The amount of greenhouse gas emissions and consequent climate changes and social responses will depend substantially upon the rapid development and widespread dissemination of a wide variety of new mitigation and adaptation technologies. The international approach adopted by the UN Framework Convention on Climate Change in Cancun will focus the worldwide innovation system more closely on private funding and markets, and thus on the acquisition of patents at the front end of the coming innovation pipeline. The choice to rely on private markets and patents is highly debatable. But it is certain to create substantial tensions for the patent system to assure low-cost access to patented technologies at the back end of technology transfer needs. This article first describes the uncertain case for relying on the patent system, the tensions that will result from the unbalanced worldwide patenting of climate change technologies, the magnitude of the coming innovation needs, and the measures that have been proposed to limit the effect of the patent system on development of and access to climate change technologies.
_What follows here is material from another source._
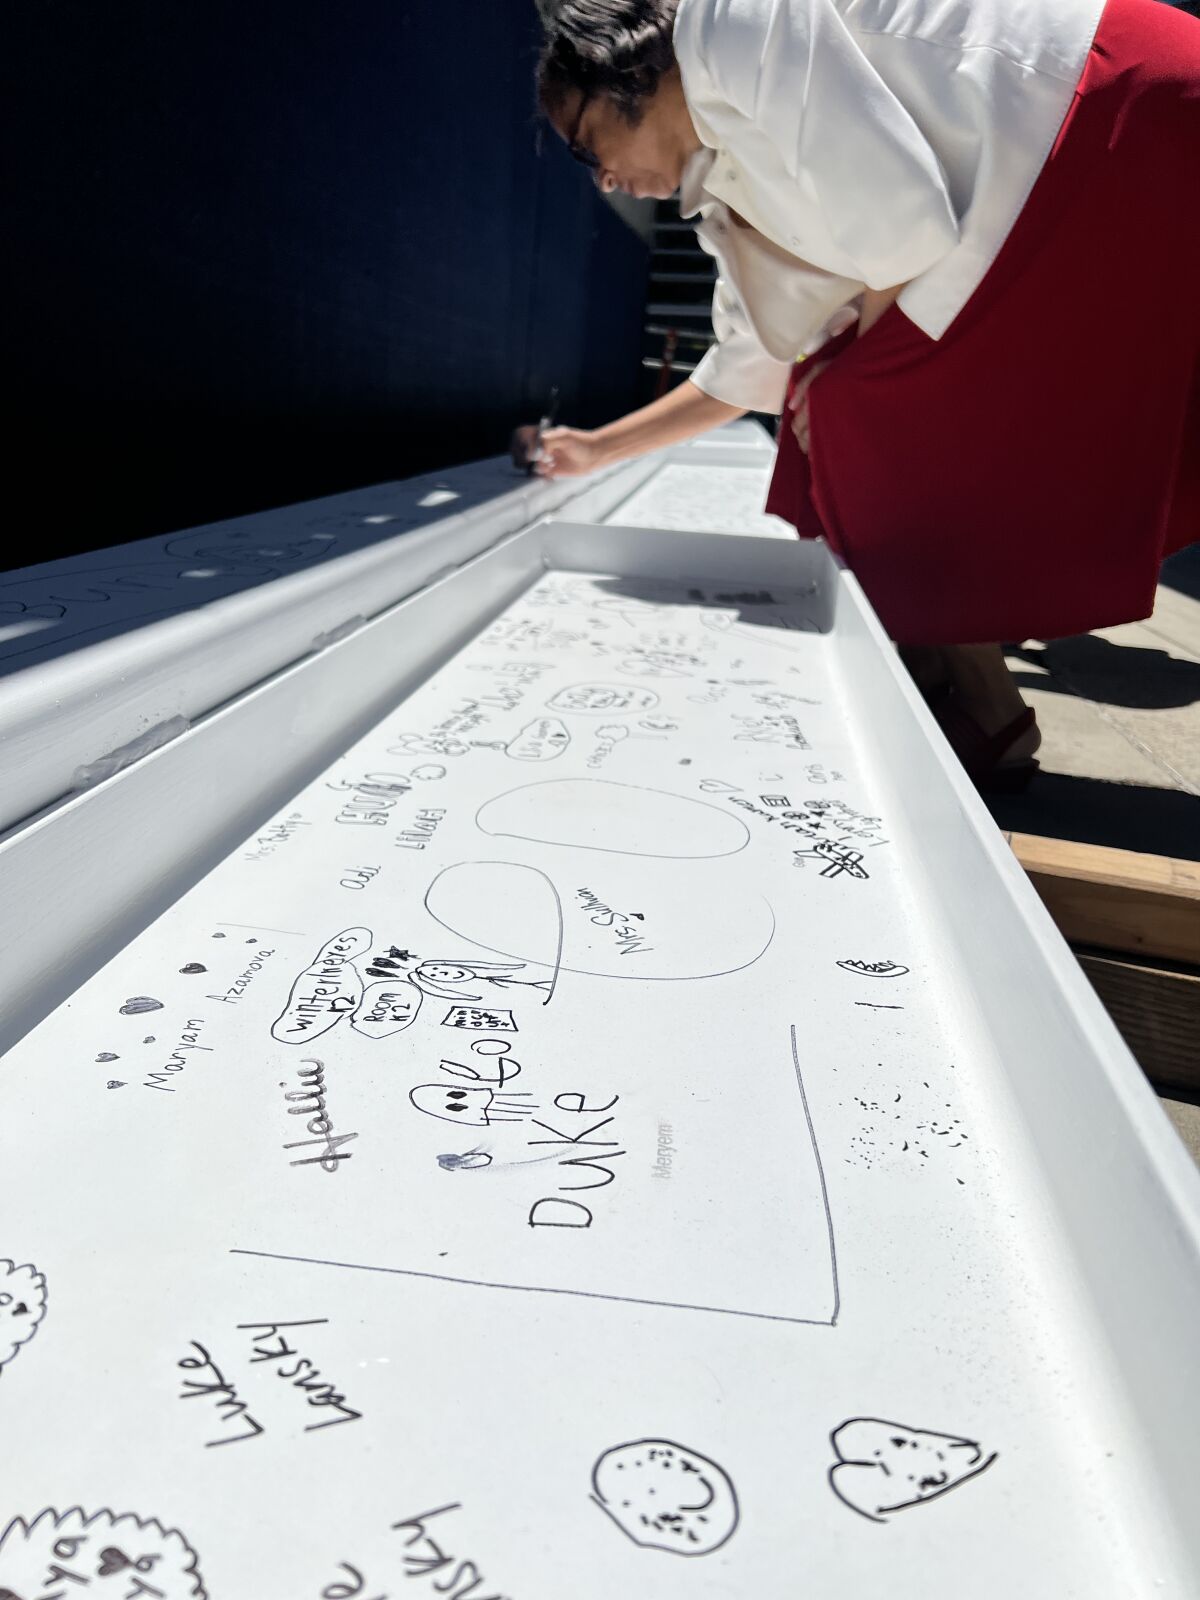 SDUSD board President Sharon Whitehurst-Payne signs a beam that now sits atop a new structure at La Jolla Elementary School.

The article then describes six proposals for maximizing the innovation potential of the patent system while minimizing the costs of access in both the developed North and the developing South. The first set of proposals focuses on protecting research, directing patent incentives towards where they are most needed, and assuring inter-operability of innovations with patented technologies. The second set of proposals focuses on retaining and using ownership powers (and making better use of regulatory powers that look very similar) to better assure widespread access and low-cost licensing of patented technologies. The final proposal addresses expanding access to patented technologies that are voluntarily supplied at low cost to certain markets. These measures are more likely to be employed, to be more effective, and to be perceived as fairer and as less harmful to ex- ante innovation incentives than the alternative, ex-post regulatory actions that will remain available.